Dans la soirée du 24 juin, une manif spontanée ayant éclaté entre jeunes et farces de l’ordre au quartier Hamdallaye a viré au drame. Un élève a perdu la vie au cours des échauffourées. La victime, Thierno Amadou Bella Bah, 17 ans, élève en classe de 9e année au groupe scolaire privé « La Sagesse » à Dar-Es-Salam 3, a reçu une balle en pleine poitrine.

Selon ses proches, Thierno Amadou jouait au foot avec ses amis dans le quartier, quand des manifestants, poursuivis par les farces de l’ordre, ont débarqué. C’est en voulant s’échapper, que l’ado a été mortellement touché. La manif serait consécutive à la nomination d’un chef de quartier qui ne fait pas l’unanimité à Hamadallaye.

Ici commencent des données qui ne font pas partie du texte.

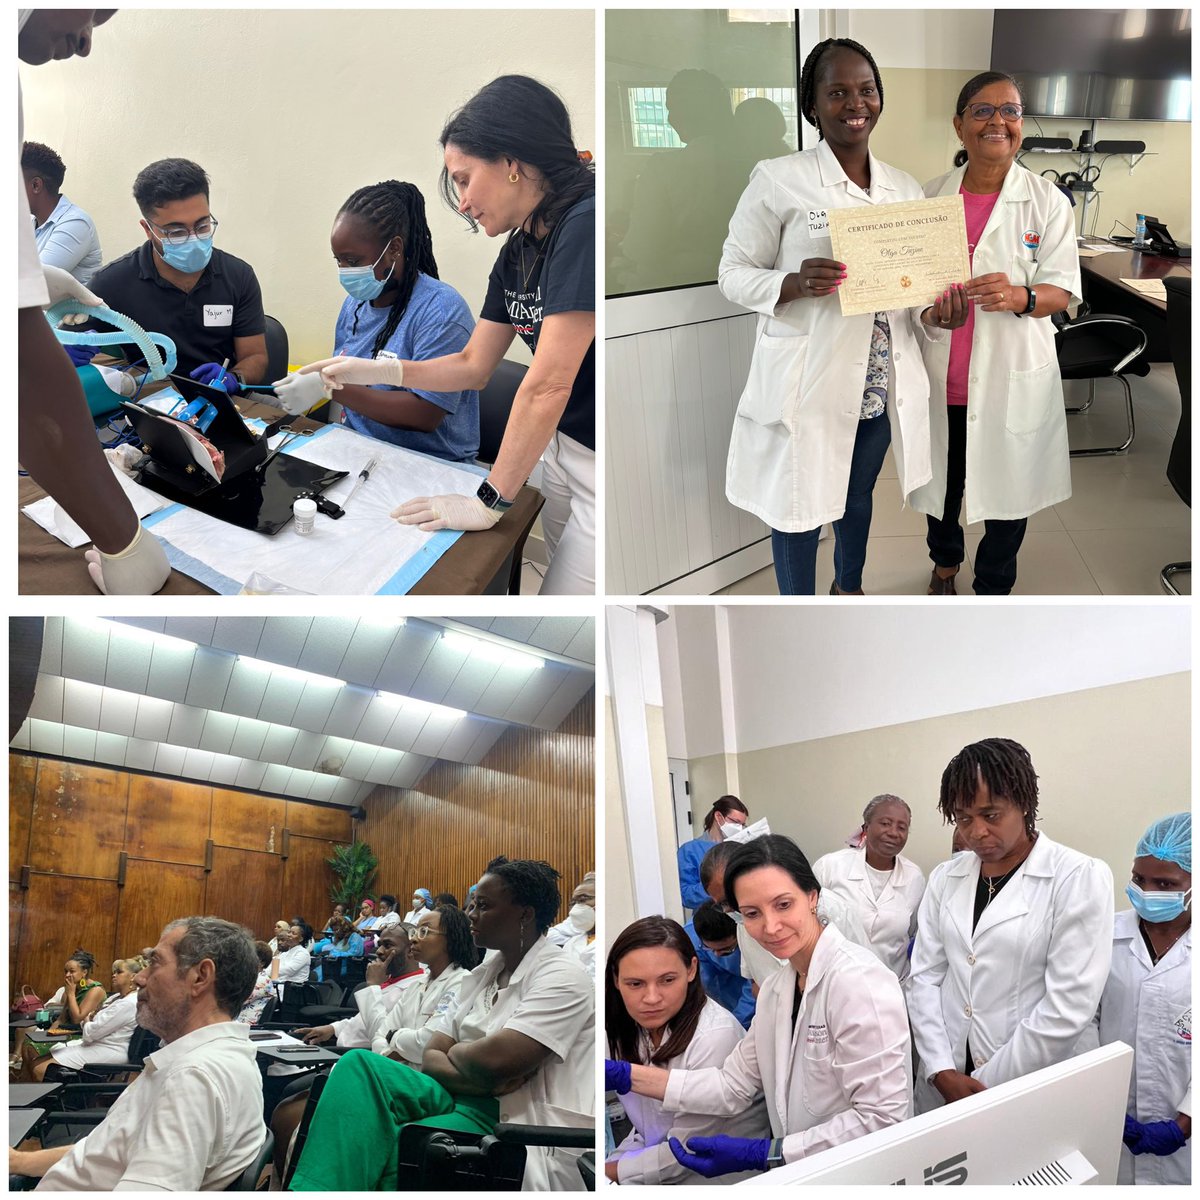 #WorldCancerDay !! Excelent and productive week in Mozambique! Colposcopy/LEEP training, a new study was started, Brazilian Embassy visit, GynOnc, Urology and Hematology teams and more!@MDAndersonNews @Jrodelkins @kmschmeler @MelissaLoVaron @ar_steinmetz @345071 @MorettiMarques

Dans sa famille, c’est la tristesse et la consternation, le jeudi 25 juin. La mère du défunt en larmes : « Mon fils est un amoureux du football. Hier, Bella s’est réveillé à 14 h, il ne manifestait pas, on l’a accusé à tort. Ils ont tué mon fils… Mon fils ne connaît que le football et l’école. Quand les enfants ont commencé à manifester, il est venu me trouver à mon lieu de commerce, il m’a aidé à fermer le magasin. Il m’a dit : « Maman, rentrons, on est rentrés. Je n’ai pas su l’heure à laquelle il est parti jouer au football. Je ne pardonnerai jamais à celui qui a tiré sur mon fils ».

Sous le choc, Hassane Diallo, oncle paternel de Thierno Amadou explique comment il a appris la nouvelle : « On m’a réveillé à 17h, pour me dire que mon neveu a reçu une balle en pleine poitrine, selon les jeunes qui l’ont transporté à l’hôpital Jean Paul II. Des jeunes manifestaient contre un chef de quartier qui ne fait pas l’unanimité. La manif s’est transportée vers le terrain de football où mon neveu jouait avec ses amis. Il s’entraînait chaque jour de 16h à 18h. Les jeunes ont été poursuivis jusqu’à Dar-Es-Salam et c’est devenu des échauffourées avec la gendarmerie. Mon neveu y a perdu la vie ».

Transporté d’urgence à l’hôpital Jean Paul II, puis à Donka, il est décédé vers 18h, après l’intervention chirurgicale.

« Mon neveu rêvait grand »

Selon Hassane Diallo, la victime était un élève qui rêvait d’être footballeur : « On mettait les moyens pour qu’il puisse y arriver. Les équipements et tout ce qu’il demandait, on le mettait à sa disposition pour qu’il puisse se battre pour ses rêves. » Et de révéler que lui-même a été menacé à deux reprises par des hommes en uniforme après l’incident : « Quand j’ai appris que mon neveu a reçu une balle, je me suis rendu sur les lieux mais en sortant de la cour, j’ai trouvé un dispositif sécuritaire devant la maison. Trois pick-up y étaient garés. J’ai voulu passer, ils m’ont empêché. Je me suis présenté, en leur montrant mon badge de journaliste, mais impossible. Il y a un qui m’a lancé qu’ils n’ont pas peur de ce badge. Que si je pense que ce badge peut leur faire peur. J’ai compris qu’ils ne veulent pas coopérer. Mais deux d’entre eux avaient compris que j’étais en détresse, ils m’ont laissé passer. Au niveau du carrefour Échangeur (Dixinn), je venais chercher des poches de sang pour mon neveu, c’est là en pleine circulation qu’on m’informe de son décès. J’étais bouleversé. Notre moto était garée à côté, le neveu qui me supportait pleurait à chaudes larmes, la police me dit de quitter avec un ton sévère. J’essayais de leur faire savoir qu’on m’a annoncé un décès, il y a un qui m’a directement dit que ce n’est pas son problème. Il me dit que si je ne quittais pas les lieux, qu’il allait m’embarquer (…) Finalement, on a quitté. »

A la question de savoir si une plainte est envisageable, Hassane Diallo répond : « la famille est en train de se concerter. Je ne suis pas le seul décideur, j’ai des grands frères, des oncles et des tantes. Après les concertations, nous verrons ensemble ce qu’il y a lieu de faire… »

Thierno Amadou Bella a été inhumé ce jeudi 25 juin, après la prière de 17h.